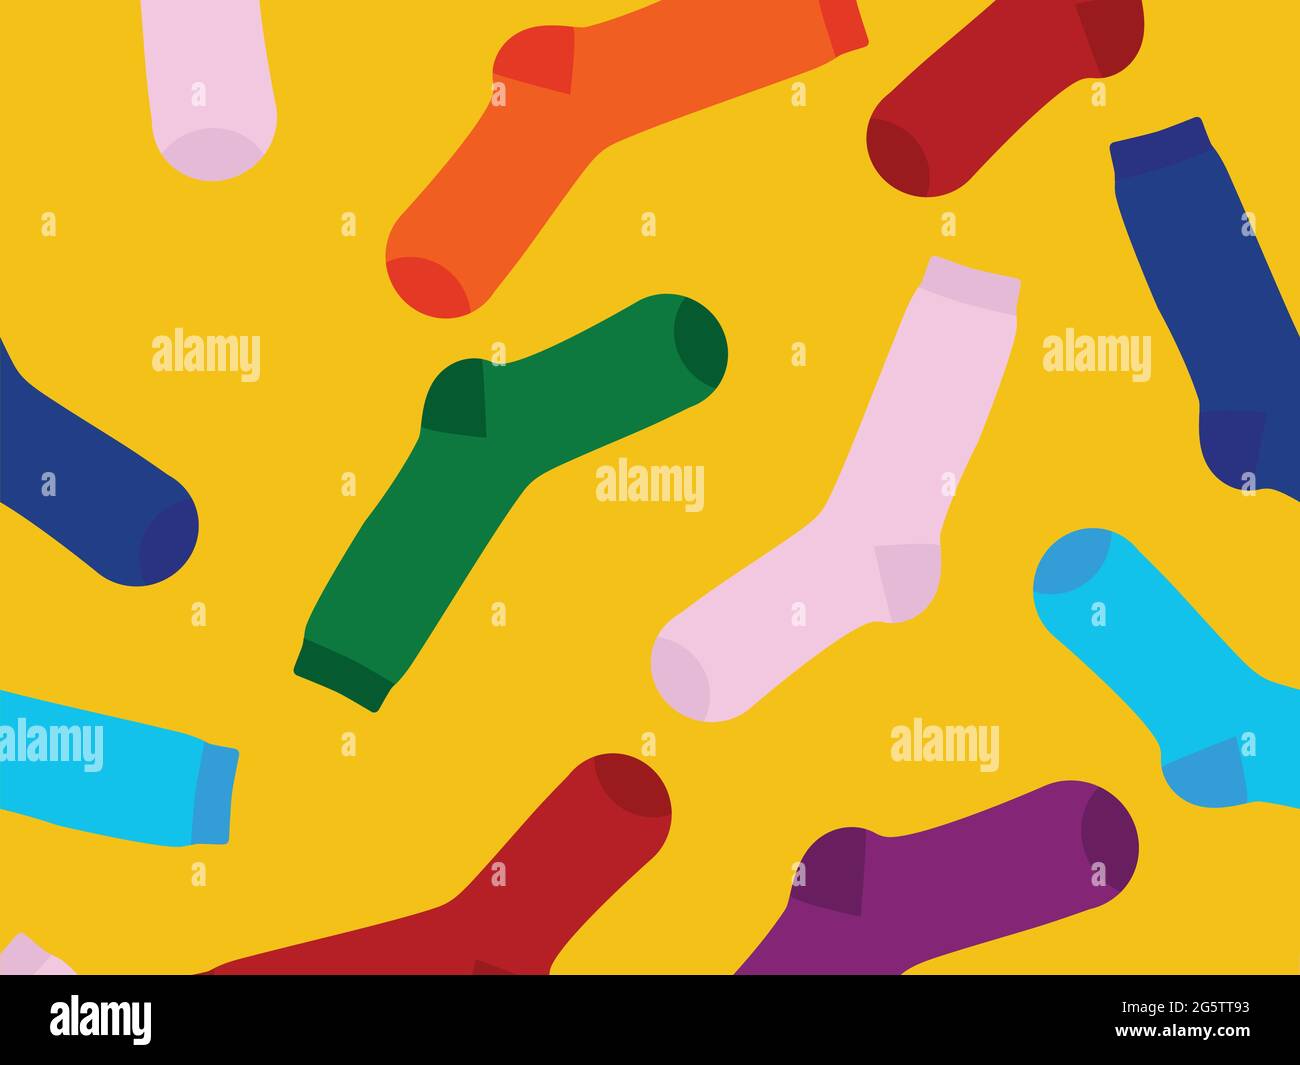 Mehrfarbige Socken auf gelbem Hintergrund. Blick von oben. Viele verschiedene Socken für die kalte Jahreszeit. Socken sind auf einem hellen Hintergrund verstreut. Stock Vektor
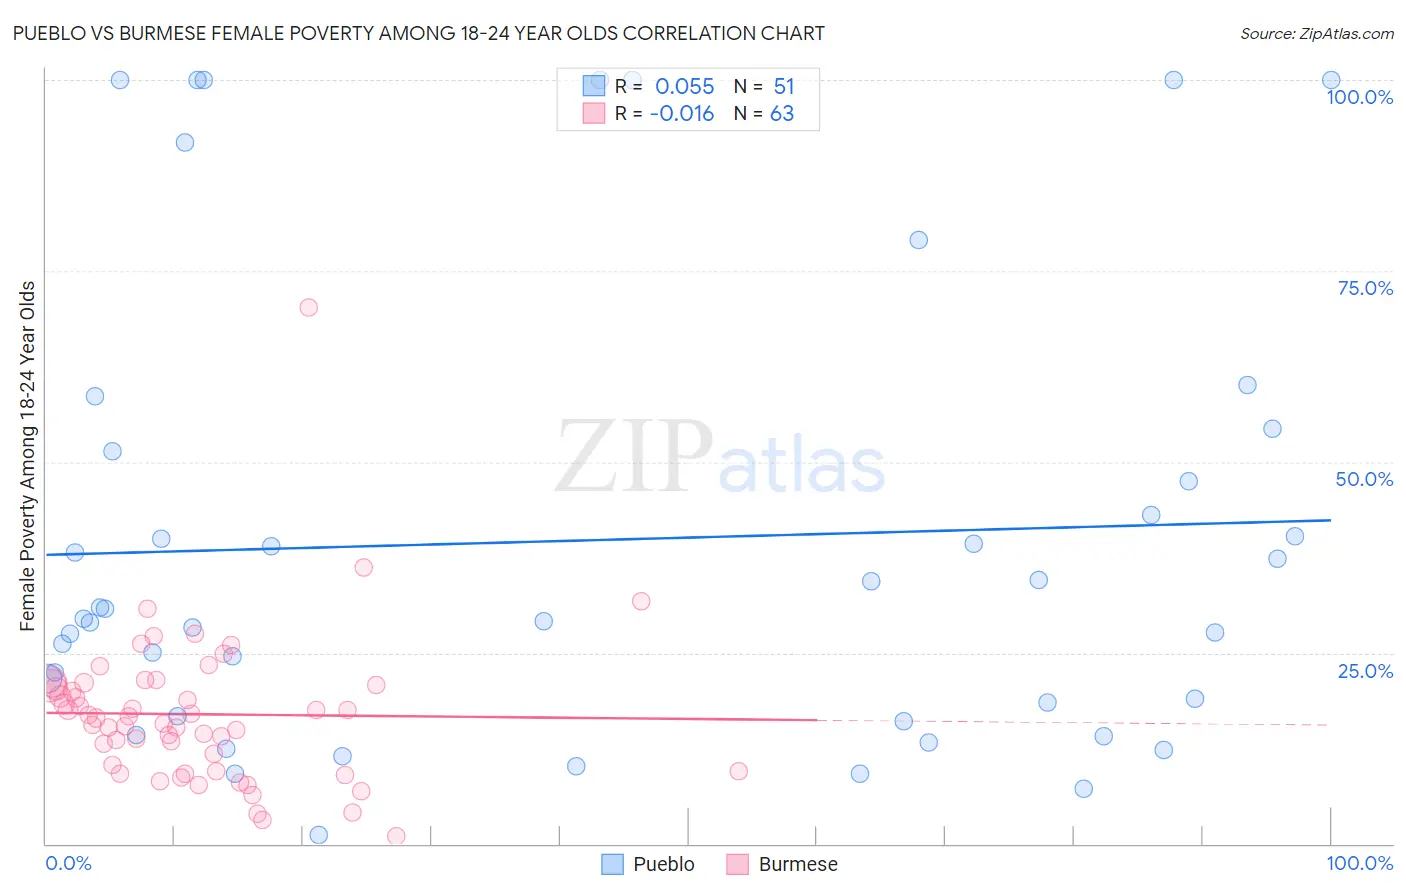 Pueblo vs Burmese Female Poverty Among 18-24 Year Olds
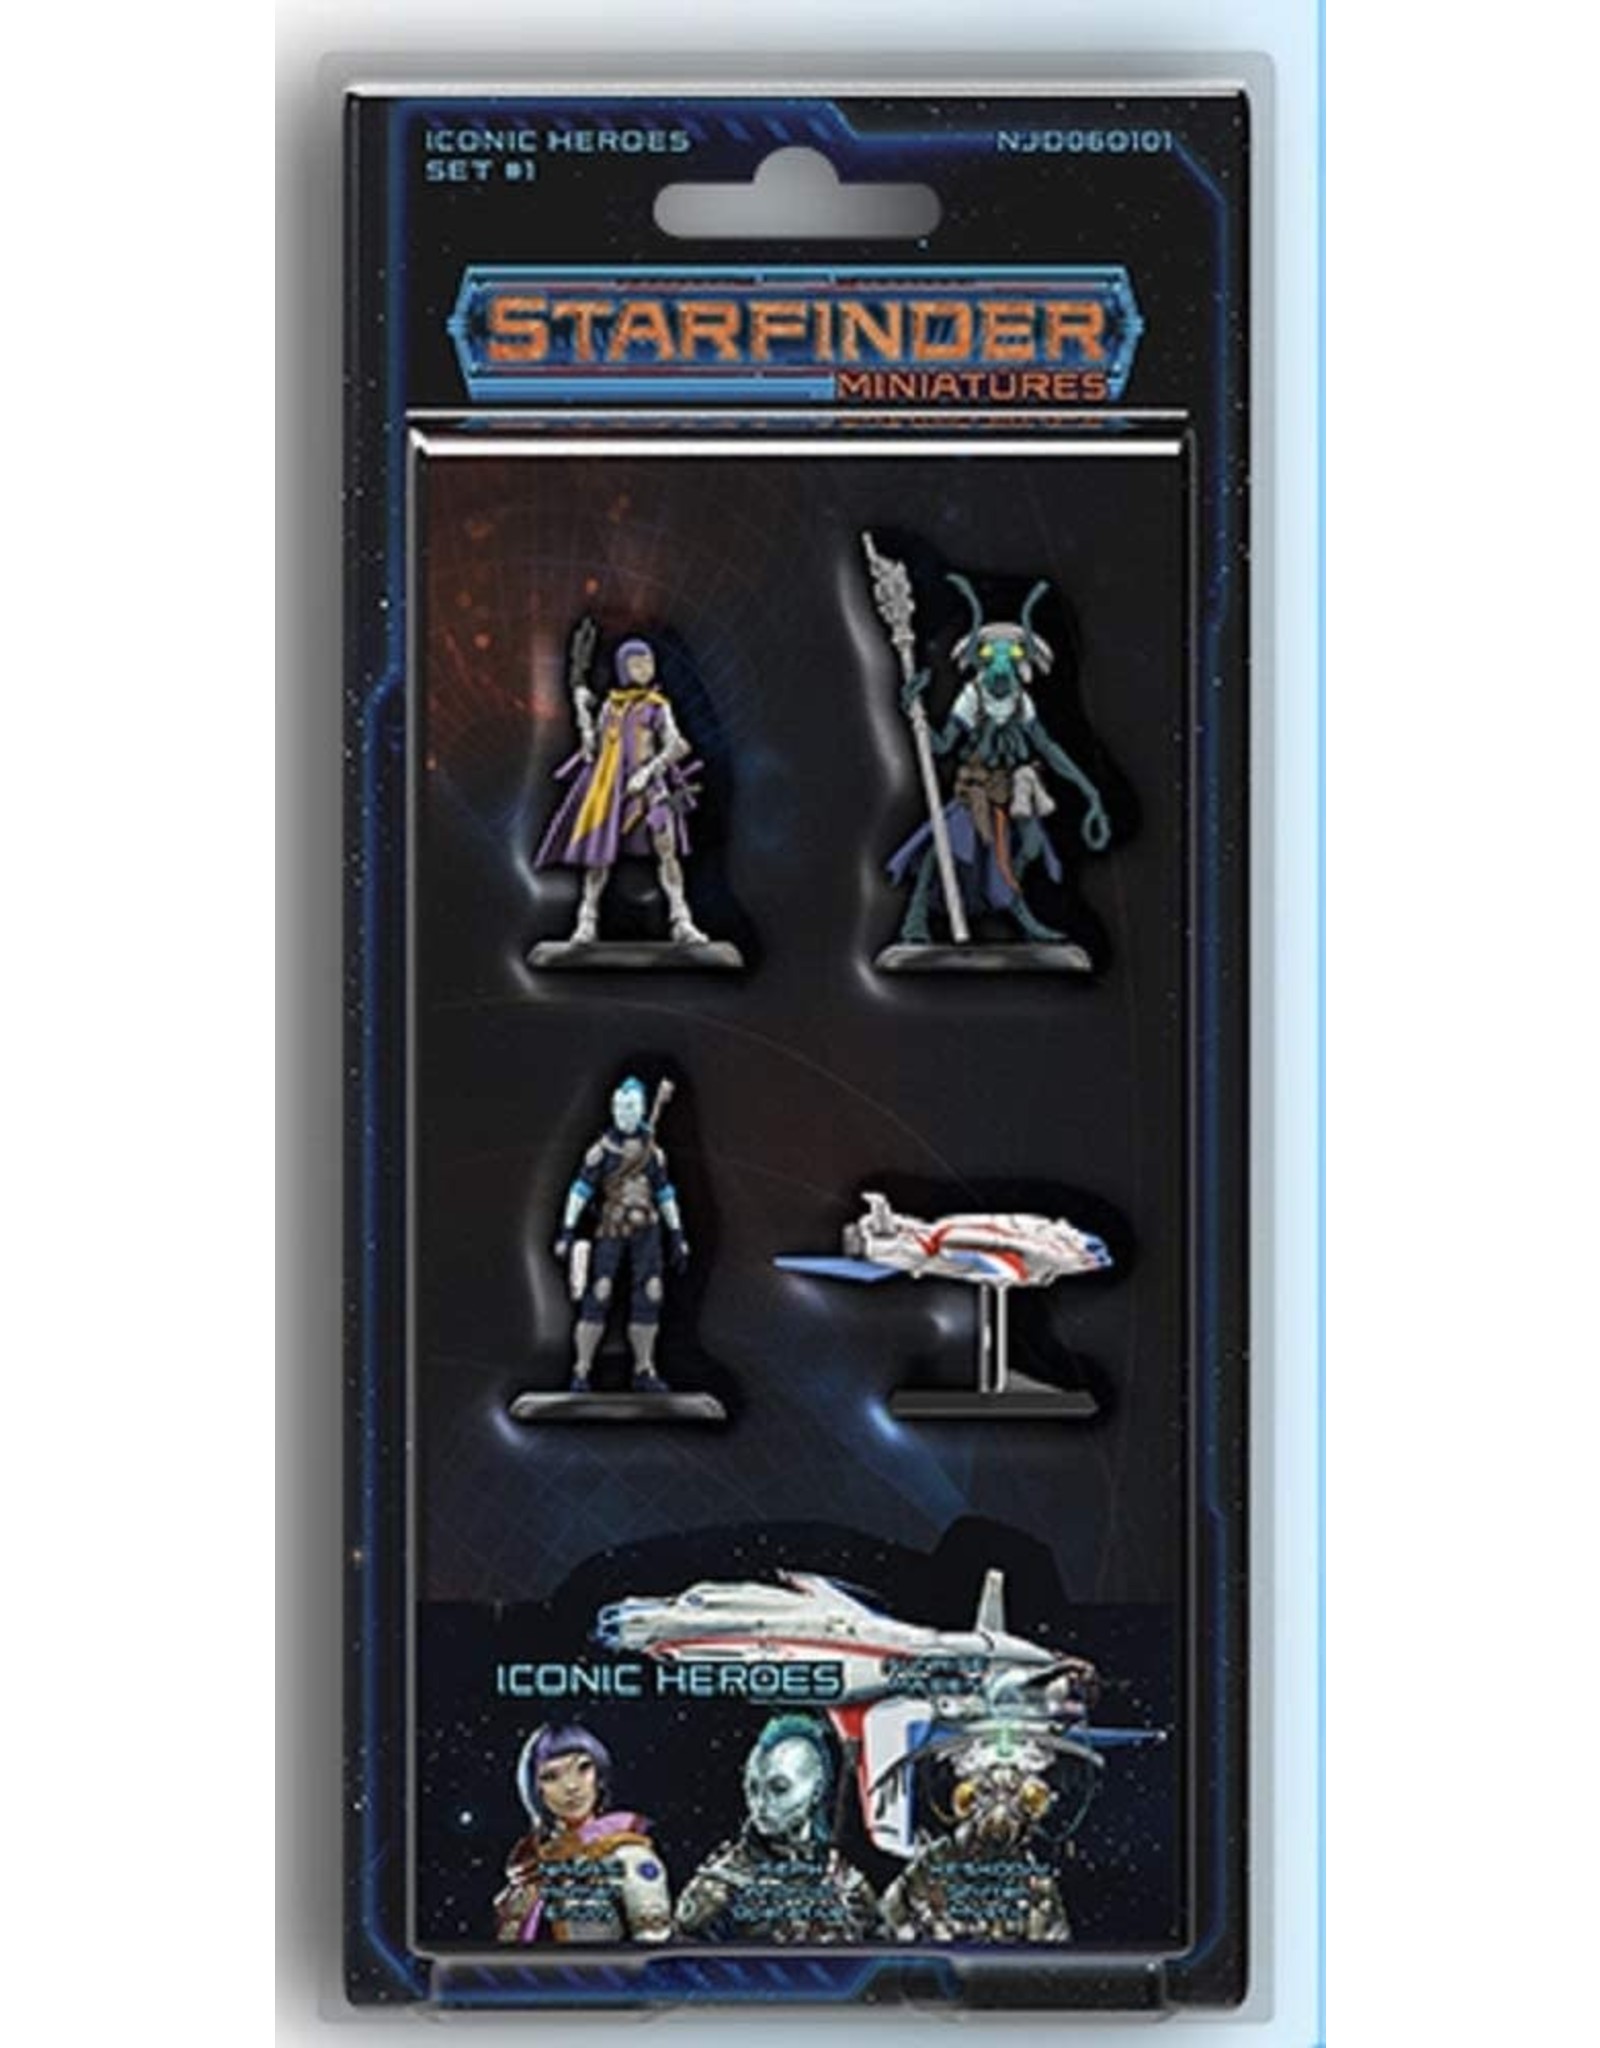 Starfinder Starfinder Miniatures Iconic Heroes Set 1

——————————

**Required work:** Each line of the data should be printed again exactly. Please leave pictures out.

**Written answer:**
 Mehrfarbige Socken auf gelbem Hintergrund. Blick von oben. Viele verschiedene Socken für die kalte Jahreszeit. Socken sind auf einem hellen Hintergrund verstreut. Stock Vektor
 Pueblo vs Burmese Female Poverty Among 18-24 Year Olds
 Starfinder Starfinder Miniatures Iconic Heroes Set 1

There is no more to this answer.